(Remerciement à Guillermo Kantún por orientarme en la numeración maya)
Pour ce millième billet, je préfère vous laisser penser à cette curieuse annonce publiée sur le site de l’INAH dans un bulletin publié le 13 mai dernier. On y apprend qu’un collectionneur privé, le professeur Luciano Sandovial, a remis au centre INAH-Nayarit une très jolie pièce en céramique peinte qu’il avait gardé chez lui pendant 18 ans.
Une première
expertise a été effectuée par Mauricio Garduño Ambriz, chercheur du centre INAH-Nayarit
et spécialiste des cultures du Nord-ouest du Mexique. Selon ces premières
constations, la pièce aurait été élaborée il y a 900 ans, elle présente des
éléments iconographiques propres à la culture Aztatlan qui connut son acmé
entre les 10e et 14e siècles de notre ère.
Il s’agit « d’un
vase polychrome de type globulaire à cou droit, tripode avec des supports
évoquant des maracas. Il mesure 18 cm de haut et 13 cm de largeur maximale et il
est décoré profusément comme dans la tradition picturale dite de Style codex ».
Le chercheur
mexicain insiste sur le bon état de conservation de l’objet avant de détailler
la décoration de ce vase. Deux scènes principales ont été peintes : la
première représente le sacrifice rituel d’un individu par cardiectomie, la
seconde met en scène un rituel funéraire de crémation. 24 personnages sont
représentés sur toute la surface externe de la vaisselle.
La scène de
crémation comprend rait notamment une représentation du dieu de l’inframonde,
Mictlantecuhtli. A ce titre il conviendrait de nuancer : il pourrait tout
aussi bien s’agir d’un ixiptla de
Mictlantecuhtli, c’est-à-dire un personnage le représentant. Rappelons que le
nom Mictlantecuhtli est un nom de consonance nahuatl et n’est donc pas
forcément le plus indiqué pour nommer une image appartenant à une culture et à
une époque différente et éloigné comme celles des peuples vivant dans la vallée
de Mexico. Il est accompagné de deux autres personnages portant des masques en
forme de mâchoires décharnées sur le point d’allumer le bûcher funéraire.
L’ancien « propriétaire »
du vase indique qu’avant son nettoyage, la vaisselle contenait des restes de
cendres, d’os triturés et de dents. Selon Ambriz, cela indiquerait qu’elle ait
servi comme urne funéraire contenant probablement les restes incinérés d’un ancêtre
divinisé lié à un lignage important. L’archéologue rappelle qu’à l’époque, l’incinération
était une pratique funéraire restreinte à une élite assimilée au soleil,
divinité qui régissait notamment les cycles agricoles.
Mais le plus
intéressant pour les archéologues n’est pas seulement l’objet en lui-même, mais
aussi son contexte de découverte. En l’occurrence, c’est un petit miracle de
savoir que M. Sandoval ait pu préciser où reposait originellement ce vase. Selon
ses dires, elle serait originaire du site de San Felipe Aztatlán, actuellement
en cours d’inscription au registre des Monuments et Zones archéologiques de l’INAH.
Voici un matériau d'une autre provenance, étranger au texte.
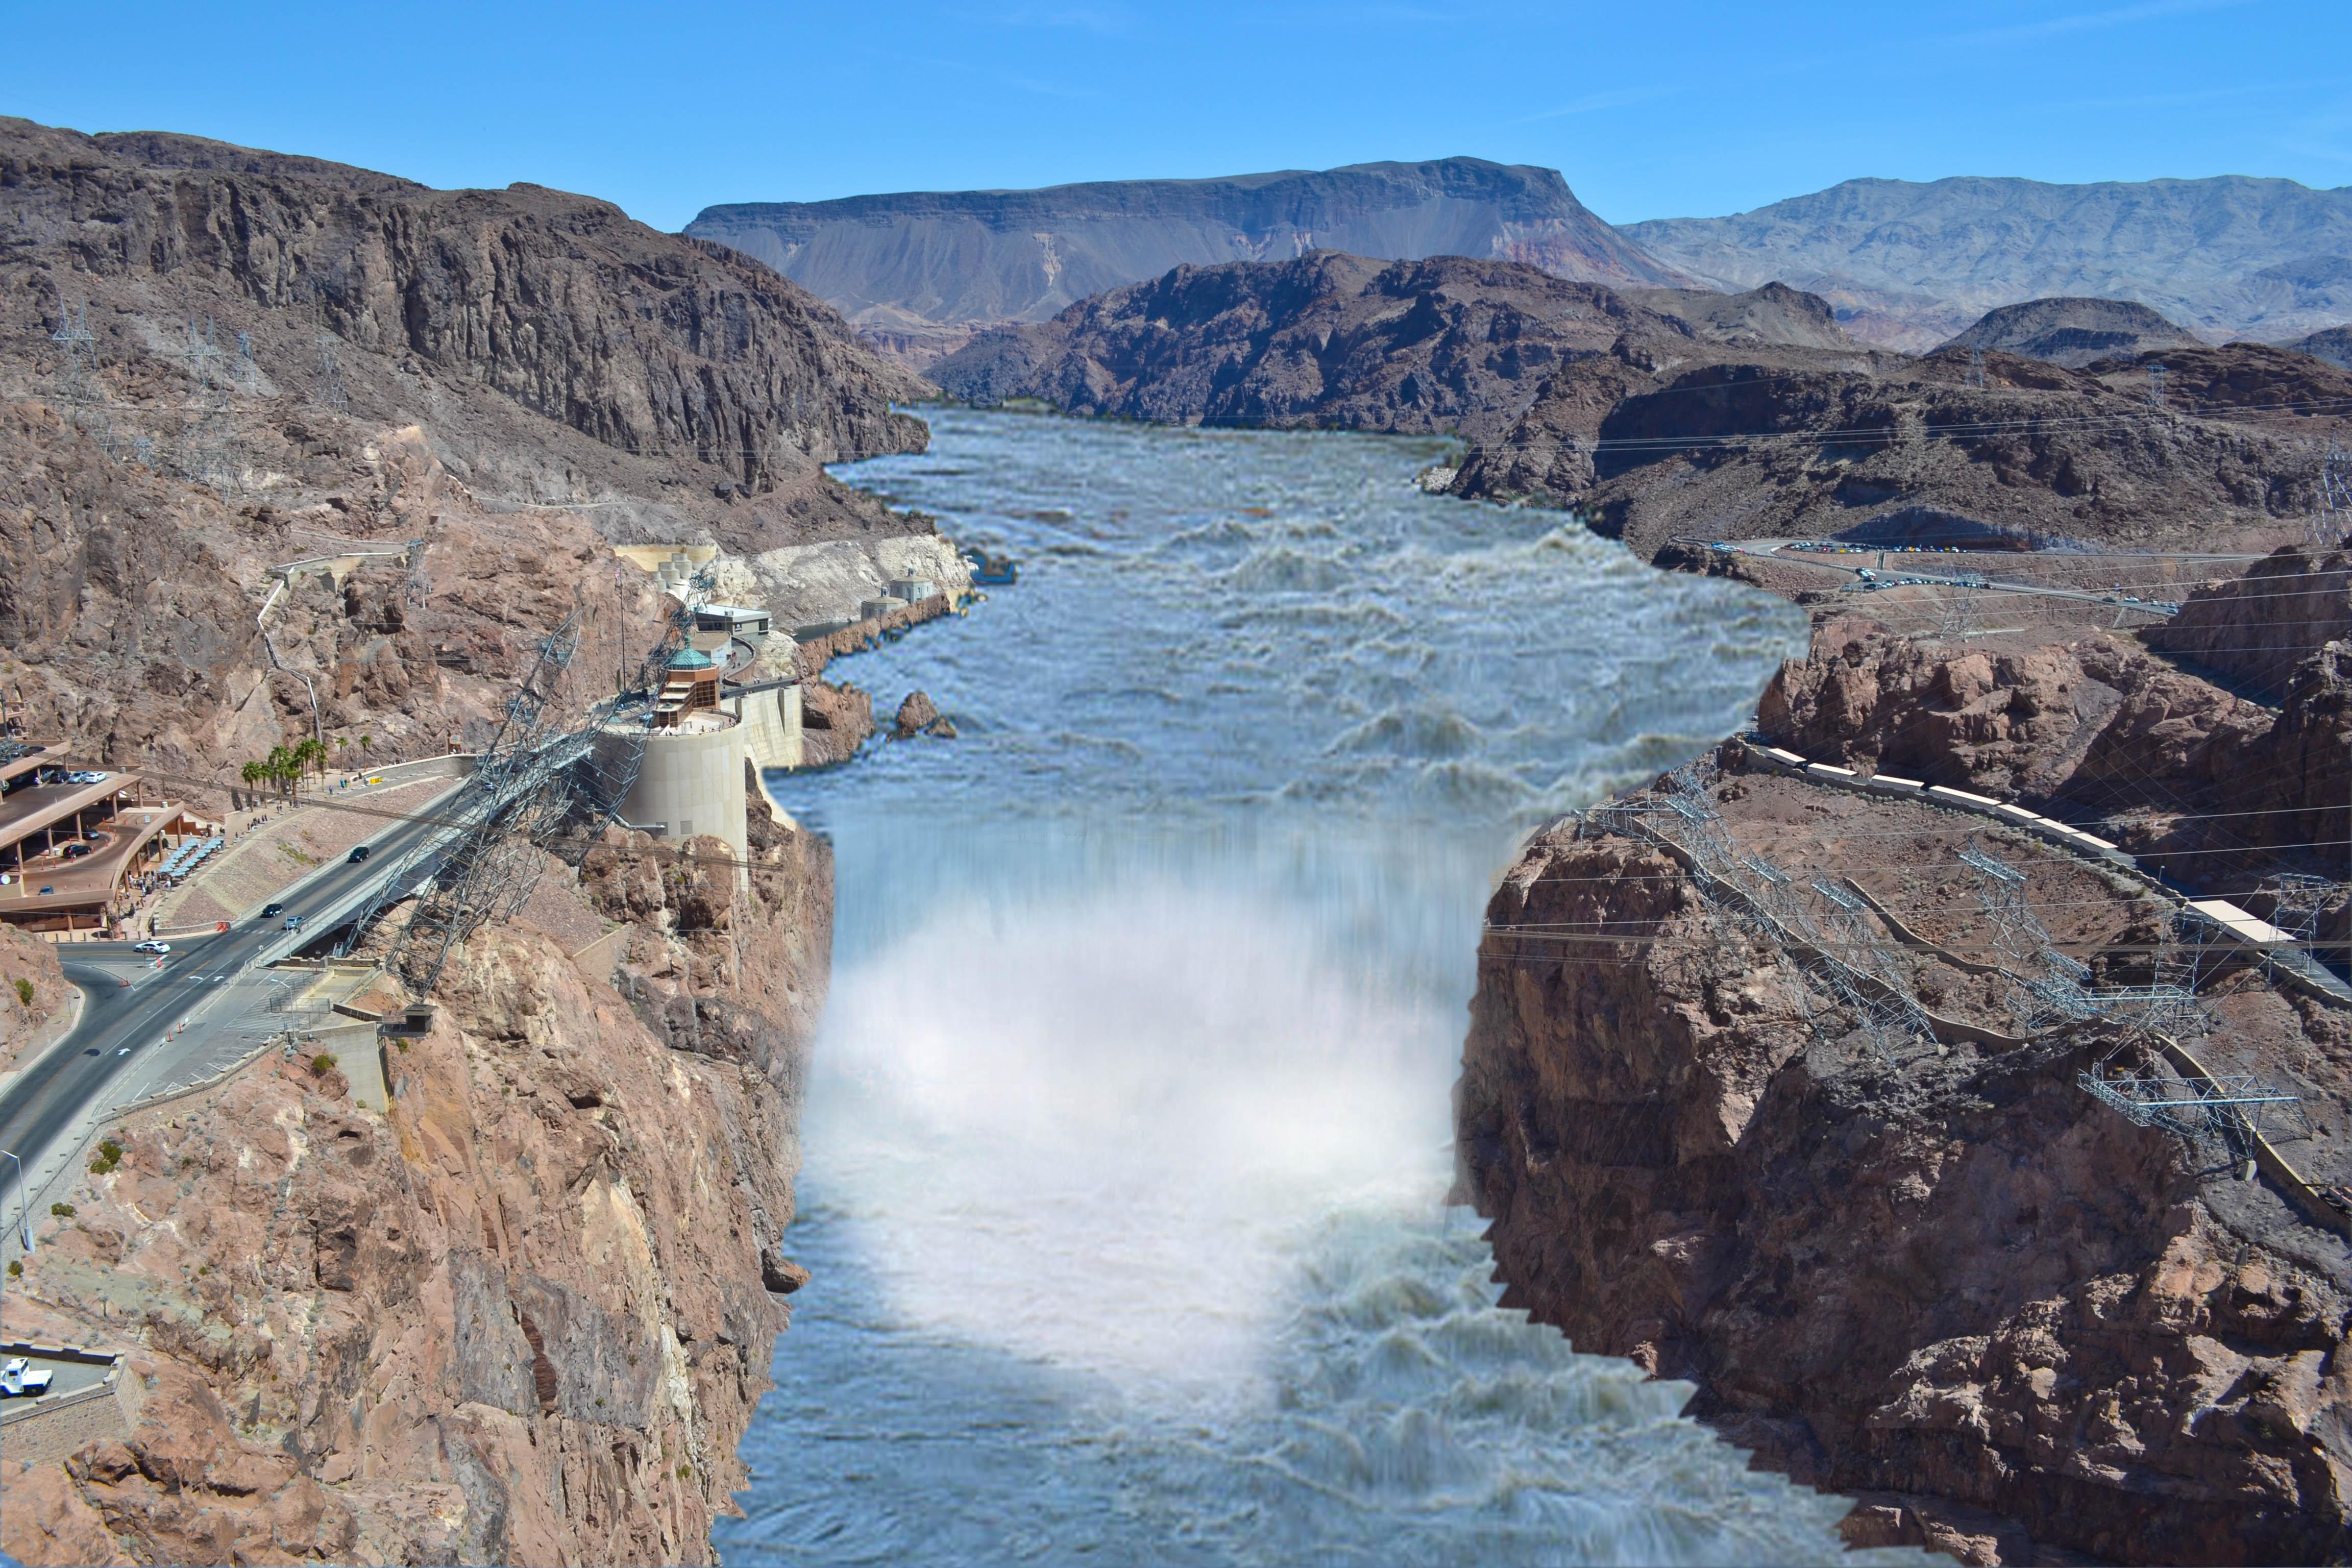 On The Colorado - Resources

Ce site comprend notamment un monticule haut de 10 m appelé Loma de la Cruz. A
130 m à l’ouest de cette butte repose une plateforme rectangulaire aux
dimensions réduites (1,6 m de hauteur, 55 cm de longueur sur 45 cm de
profondeur). C’est sur cette plateforme qu’avait été déposée l’urne rendue par
M. Sandoval au peuple mexicain.
San Felipe
Aztatlan fut une chèferie très importante à partir du Postclassique ancien :
son pouvoir était fondé sur sa participation dans un important réseau
commercial qui impliquait des échanges de marchandises aussi diverses que des
produits somptuaires ou des ressources importantes comme le cuivre, la jadéite,
la turquoise, ou l’obsidienne.
Pour conclure ce
millième message, on pourrait donc retenir un petit miracle : l’urne ne
contient plus tous les éléments incinérés et d’importantes informations
médico-légales sont définitivement perdues. Cependant elle pourra probablement
accélérer le procédé d’enregistrement du site, mettre en place un projet complet
de fouilles, diminuant probablement la quantité de fouilles sauvages et de
pillages qui peuvent avoir lieu dans la région.